On Saturday, Republican House speaker Kevin McCarthy told reporters that he was making “progress” in negotiations with Biden, saying: “We do not have a deal … We are not there yet. We did make progress, we worked well into early this morning and we’re back at it now,” according to Reuters.

When asked if Congress is able to meet the 5 June deadline, McCarthy swiftly responded: “Yes,” the Hill reports.

Biden and McCarthy have seemed to be narrowing on a two-year budget-slashing deal that would also extend the US debt limit into 2025 past the next presidential election.

Both sides have suggested one of the main holdups is a Republican effort to boost work requirements for recipients of food stamps and other federal aid programs, a longtime Republican goal that many Democrats have strenuously opposed.

The White House spokesman Andrew Bates said Republican proposals on the issue were “cruel and senseless” and said Biden and Democrats would oppose them.

But at the same time the Louisiana congressman Garret Graves, one of McCarthy’s negotiators, was blunt when asked if Republicans might relent, saying: “Hell no, not a chance.”

Bates condemned House Republicans in a statement to Politico, accusing them of “threatening to trigger an unprecedented recession and cost the American people over 8 million jobs unless they can take food out of the mouths of hungry Americans.”

Americans and the world have watched with growing fear and and anger as the negotiating brinkmanship that could throw the global economy into chaos has dragged on in yet another repeat of the regular political theater that always seems to surround the issue in Washington.

Yet Biden was upbeat as he left for the Memorial Day weekend at Camp David, declaring: “It’s very close, and I’m optimistic.”

In a blunt warning, the Treasury secretary, Janet Yellen, said on Friday that failure to act by the new date for default would “cause severe hardship to American families, harm our global leadership position and raise questions about our ability to defend our national security interests”.

Anxious retirees and others were already making contingency plans for missed checks, with the next Social Security payments due next week.

Any deal struck by the White House and Republican negotiators would need to be a political compromise, with support from both Democrats and Republicans needed to pass the divided US Congress.

McCarthy has promised to give his Republican members 72 hours to go through any deal, pushing back a vote to at least Tuesday and possibly much later in the week, depending on when a deal can be announced.

On Saturday, Axios revealed that independent senator Kyrsten Sinema has joined the negotiations, according to sources familiar with the matter.

The outlet reported that as Sinema attempts to use her newfound independent position to help negotiators reach a compromise, some Democratic lawmakers are privately concerned that her involvement might limit key renewable energy proposals.

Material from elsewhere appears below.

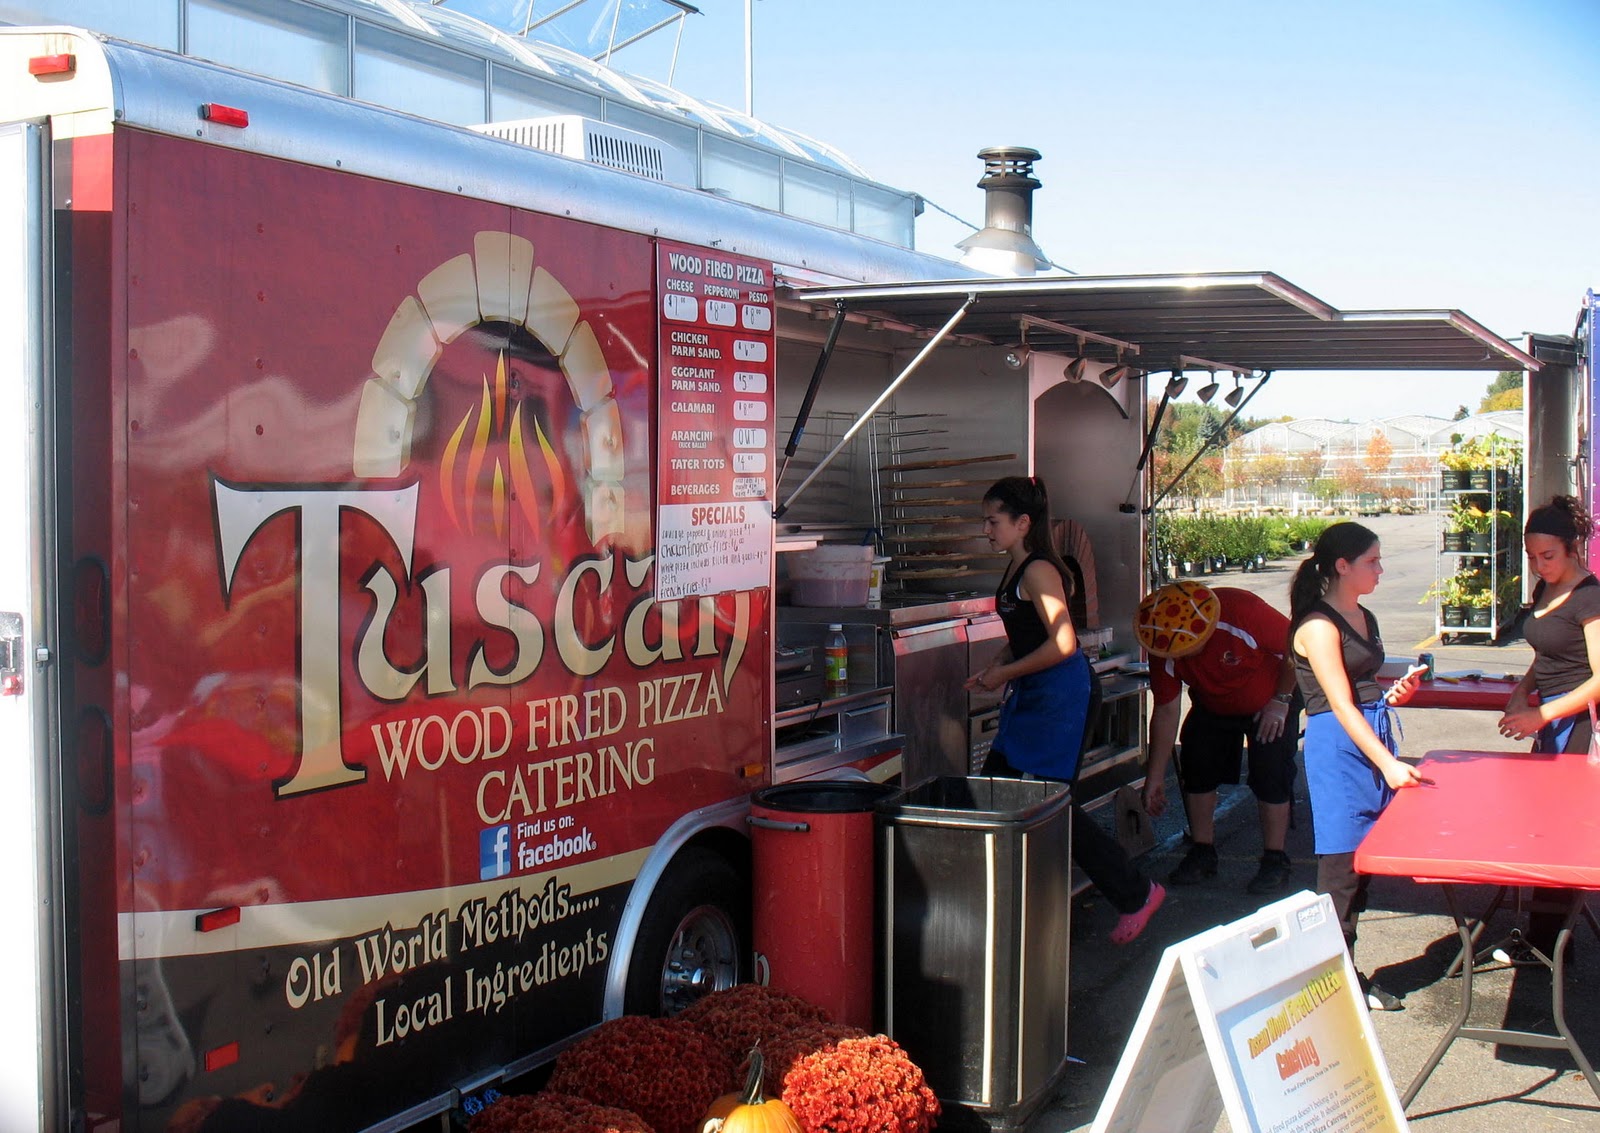 The Rochester Ny Pizza Blog Tuscan Wood Fired Pizza

Currently, Republicans are seeking to make modifications to the National Environmental Policy Act in order to remove legal restrictions for oil and gas companies. Meanwhile, Democrats have urged the Biden administration and Democratic congressional leaders to oppose any Nepa changes.

Earlier this month, Arizona’s representative Raúl Grijalva, a ranking member of the House natural resources committee, sent a letter – along with 79 other Democrats – to Biden and Democratic leadership, urging them to oppose environmental rollbacks in any deal.

Ultimately, focus would especially be on the reaction to rightwing Republicans in the House, especially those in the Freedom Caucus mostly aligned with former US president Donald Trump.

“Raising the debt ceiling is not a ‘concession’ by Republicans – it’s their constitutional duty,” the New York Democratic representative Dan Goldman tweeted on Friday.

“Republicans are extorting the American people by threatening to crater the economy to extract unreasonable demands they’d never be able to get in the ordinary appropriations process,” he added.

Several credit-rating agencies have said they have put the US on review for a possible downgrade, which would push up borrowing costs and undercut its standing as the backbone of the global financial system.

A similar 2011 standoff led Standard & Poor’s to downgrade its rating on US debt, hammering markets and sending the government’s borrowing costs higher.

Sign up to read this article
Read news from 100’s of titles, curated specifically for you.
Already a member? Sign in here
Related Stories
Top stories on inkl right now
One subscription that gives you access to news from hundreds of sites
Already a member? Sign in here
Our Picks
Fourteen days free
Download the app
One app. One membership.
100+ trusted global sources.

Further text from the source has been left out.